Blog‎ > ‎

Relays & Gateways, Random Problems, lftp ftps gnutls, HTTP/2

posted Sep 18, 2016, 5:59 AM by Sami Lehtinen   [ updated Sep 18, 2016, 6:01 AM ]
  • I generally really dislike running 'relays' due to responsibility and reliability matters. But it seems inevitable that you've gotta run those at times. Therefore I've done small but well working high availability generic data relay which can cross protocol gaps. It allows upload, download, send and receive data over HTTP, HTTPS, FTP, FTPS, SFTP, SMTP and SMTPS + authentication for all protocols naturally. On top there's a small rule engine which processes received data. So you can send email (SMTPS) using SFTP or receive HTTPS/POST data over FTPS. Why? Well, because all programs do not support those easily, as well as some users unfortunately use dynamic IPs and some other organizations do not allow connections from dynamic IPs etc. That single module can easily bridge just so many communication gaps, that it's really vital tool for many users and organizations daily. One major benefit from using this kind of relay is proper logging. Also this service allows simple and easy queuing. Some apps are so badly coded that those do not even have proper retry logic. So this HA service is available and will receive the data. If the final destination isn't available, it doesn't matter and data gets spooled and queued for final delivery. If there's a problem, it's usually pretty easy to check relay logs and decide which side of integration group is responsible for the problem. Because otherwise they're always claiming that this fault is caused by the other party, ha ha. Then it's just easy to check logs and say: I really would appreciate if you would stop lying right now and get your junk fixed.

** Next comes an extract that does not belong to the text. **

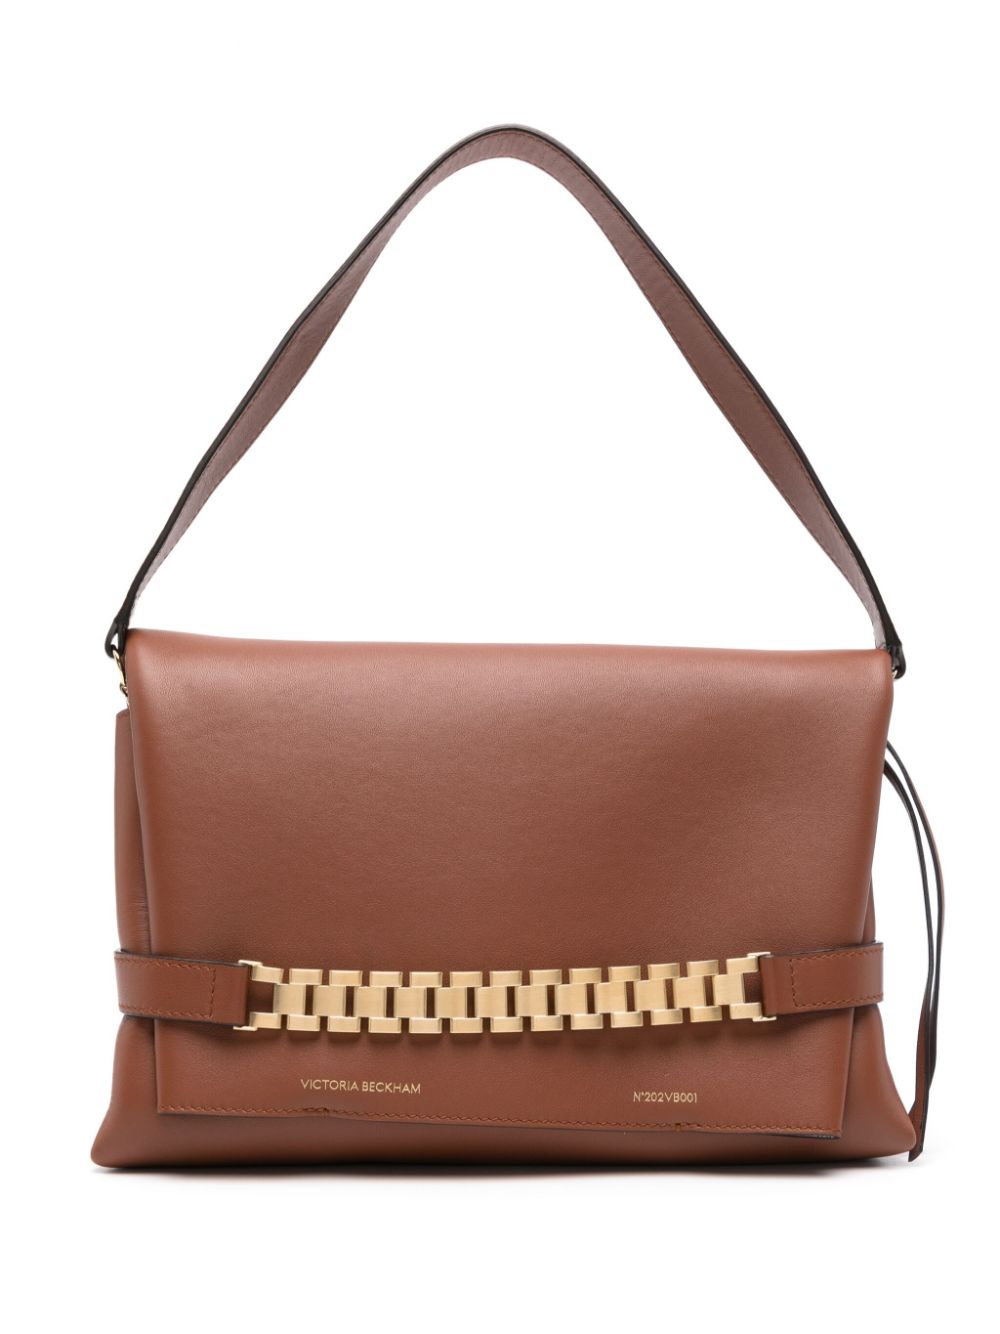 Victoria Beckham chain-link leather shoulder bag - Brown von Victoria Beckham

  • This is strictly a violation of the TCP specification by CloudFlare - Random problems usually just mean you don't understand what you're doing and how things work. Normal day at the office. As example, adding comment data to SQL query stops server from crashing. My guess is that the timeout was added to deal with crappy code and then created not so obvious secondary issue with arises only in certain cases. Business as usual. Work a round to deal with bad code creates more problems. Then you're ending up having multiple layers of bad code with complex state in each layer. Business as usual. It works exactly as it's designed to work. Yet that doesn't mean it would make common sense nor it would work as you think it would. Same stuff every day. You just need to keep digging until you find the problem. This is s good example about that. I'm usually the guy who has to dig deep and find out whatever is causing the problem everyone else is claiming impossible to solve or 'totally random'.
  • iMessage E2EE encryption seems flaky - Crypto is good as long as nobody takes a look at it.
  • After Ubuntu distribution upgrade to 16.04 duplicity doesn't work and gives this error with my FTPS server. "Fatal error: gnutls_handshake: An unexpected TLS packet was received." Strange. Duplicity and file transfer protocols have been such a problem earlier, things are broken on multiple levels and if you change something that's broken, you'll just find out that the alternate method is broken too but in a different way. That's just so frustrating. But still business as usual, every unfortunately.
  • Journey to HTTP/2 - Really nice article. Comments: It seems that many people talking about HTTP don't know about Gopher - Some people also don't know that web sites can be just as well be served over FTP than HTTP. Anonymous FTP works just as well for read only sites. - Long post, nothing new at all. Just some basics. kw: HPACK, PUSH, TCP, keep-alive, HTTP, H2, H2C, HTTP/2, PUSH_PROMISE, TLS, SPDY.